4. Without having language to connect them, how do the narrator and his mother communicate their love for one another? How would you describe their signs of affection, such as his kneading out her back and fetching her cigarettes? What is conventional and what is unconventional about their relationship?
5. How does Lan act as a buffer between Little Dog and his mother? What holes does she help fill in in how he is raised, and what he understands about his past?
6. Do the narrator and his mother have the same idea of what is required, or what it means, to be an American? How do their expectations compare with their experiences—his as a student and hers in the nail salon?
7. How does being raised by two women, whose own relationship is complicated and fraught, impact the narrator? What does he come to understand about violence, sexuality, and loyalty from them? How does their triad blur the lines between generations, and within typical mother-daughter/mother-son relationships?
8. Whom does the narrator have as a father-figure, if anyone? What does his relationship with Paul offer, and how is it limited?
9. What does the narrator take away from the story of Tiger Woods? How is his example both inspiring and unattainable?
10. What are the terms of the narrator and Trevor’s love, if any? What does their refusal to name or speak about their relationship do to free, or limit, it?
11. Part II ends with a poetic ode to Trevor, in which the narrator switches his point of view. How is he able to write about Trevor in the context of the letter? What would happen if his mother read it?

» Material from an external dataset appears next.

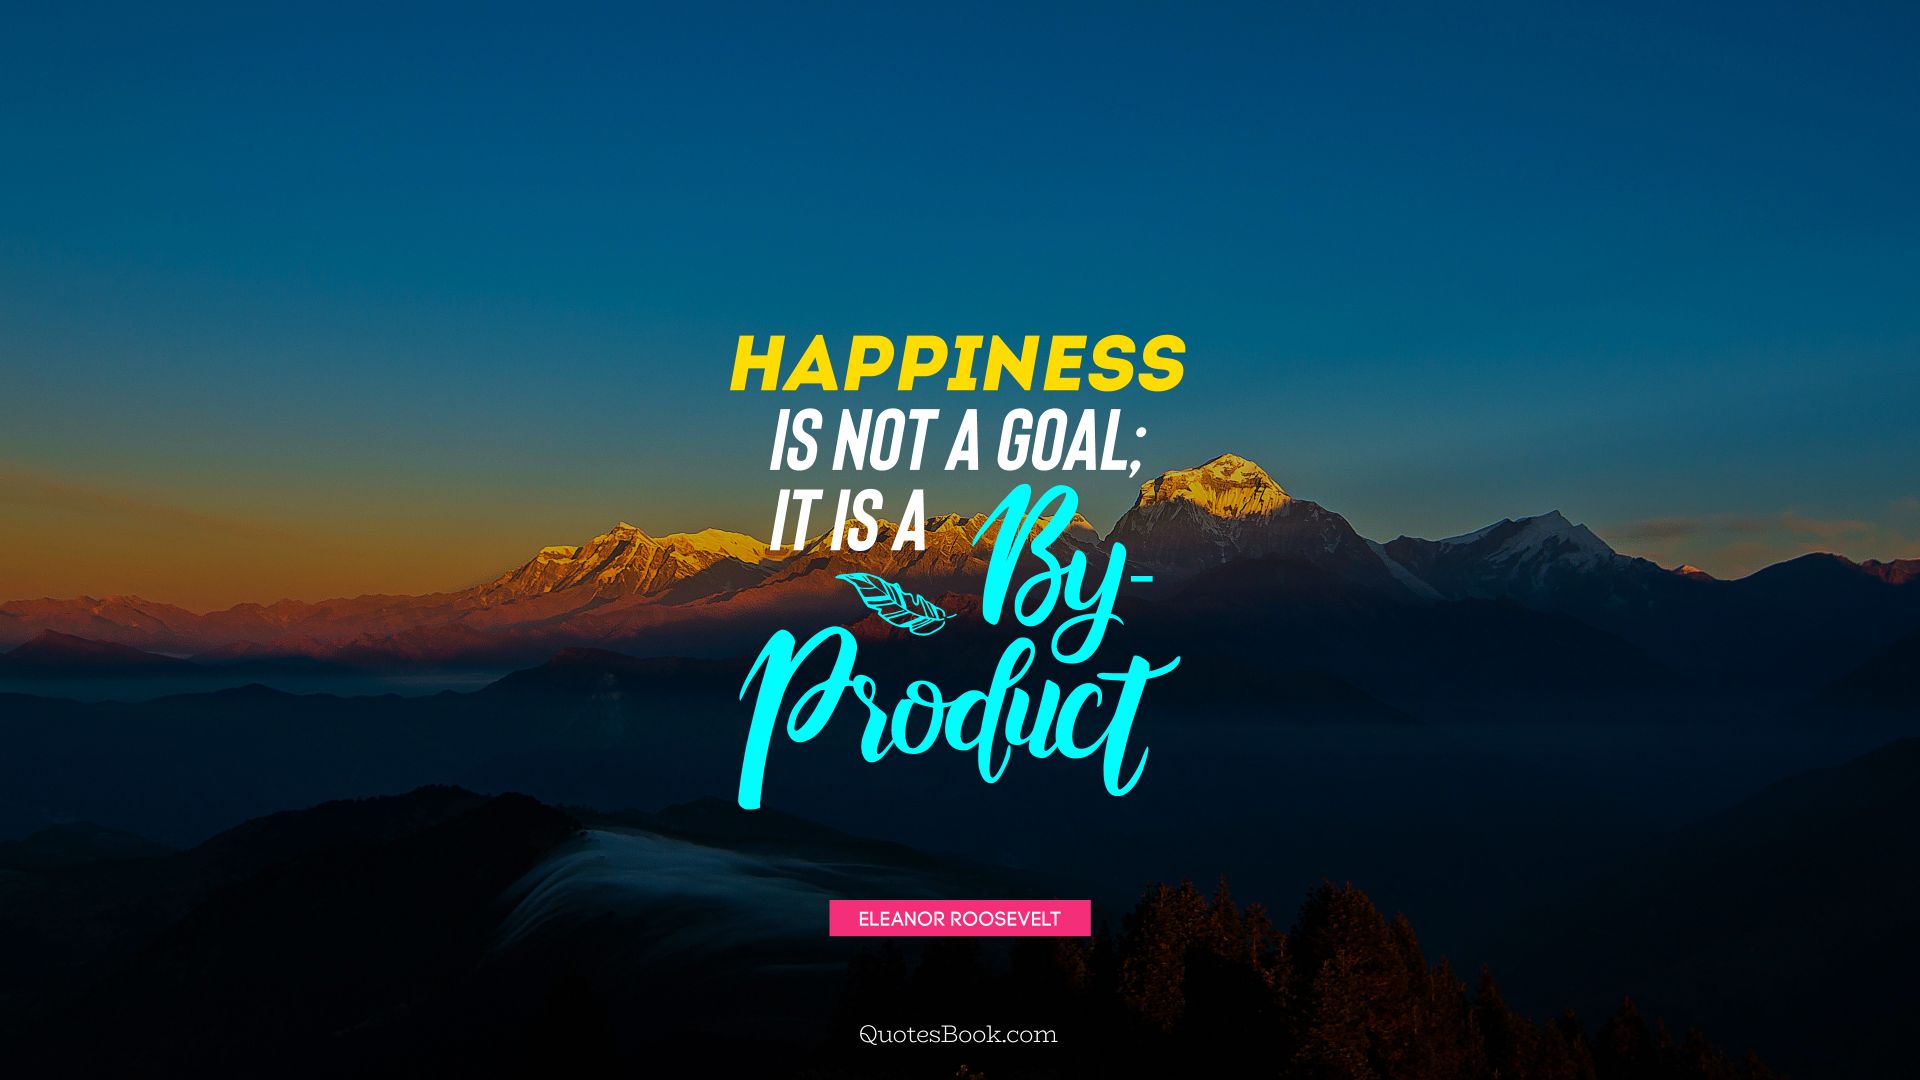 Happiness is not a goal; it is a by-product. - Quote by Eleanor Roosevelt

12. What is the author’s relationship with pain and violence, inherited and lived first-hand? How does he represent pain he suffers (from his mother and Trevor) in his writing? Compare how he relates painful versus pleasure: “Sometimes being offered tenderness feels like the very proof that you’ve been ruined” (119).
13. How are both Trevor’s family and the narrator’s marginalized by society? Discuss the role of drugs for the young men and their friends in how they exercise agency and respond to the uncertainty of their lives.
14. How does he respond to Lan’s PTSD from the war in Vietnam? What about his life is like a war?
15. What sacrifices do all the characters make in the novel? Consider which ones are voluntary and which are involuntary with regards to this reflection by the narrator: “What do you call the animal that, finding the hunter, offers itself to be eaten? A martyr? A weakling? No, a beast gaining the rare agency to stop. Yes, the period in the sentence—it’s what makes us human, Ma, I swear. It lets us stop in order to keep going” (118).
16. In addition to being a letter, the words of the book are an oblique ode to Trevor. How does the narrator use language to honor his memory, literally and metaphorically? Consider the description of his scar like a comma, and a mouth like a period.
17. Discuss the setting of the novel and its various enclaves—the city versus the tobacco farm, etc. Does the narrator seem to be shaped by his environment, or vice versa?
18. Does the family’s story evoke pity or sympathy from you as a reader, and why if so? Consider how they use mood rings to evaluate if they’re happy, and the idea that “Good was more often enough, was a precious spark we sought and harvested of and for one another” (214).
19. While reading, did you know that the novel was autobiographical? How did that affect your understanding of the story if so, and if not does that change your interpretation of it now?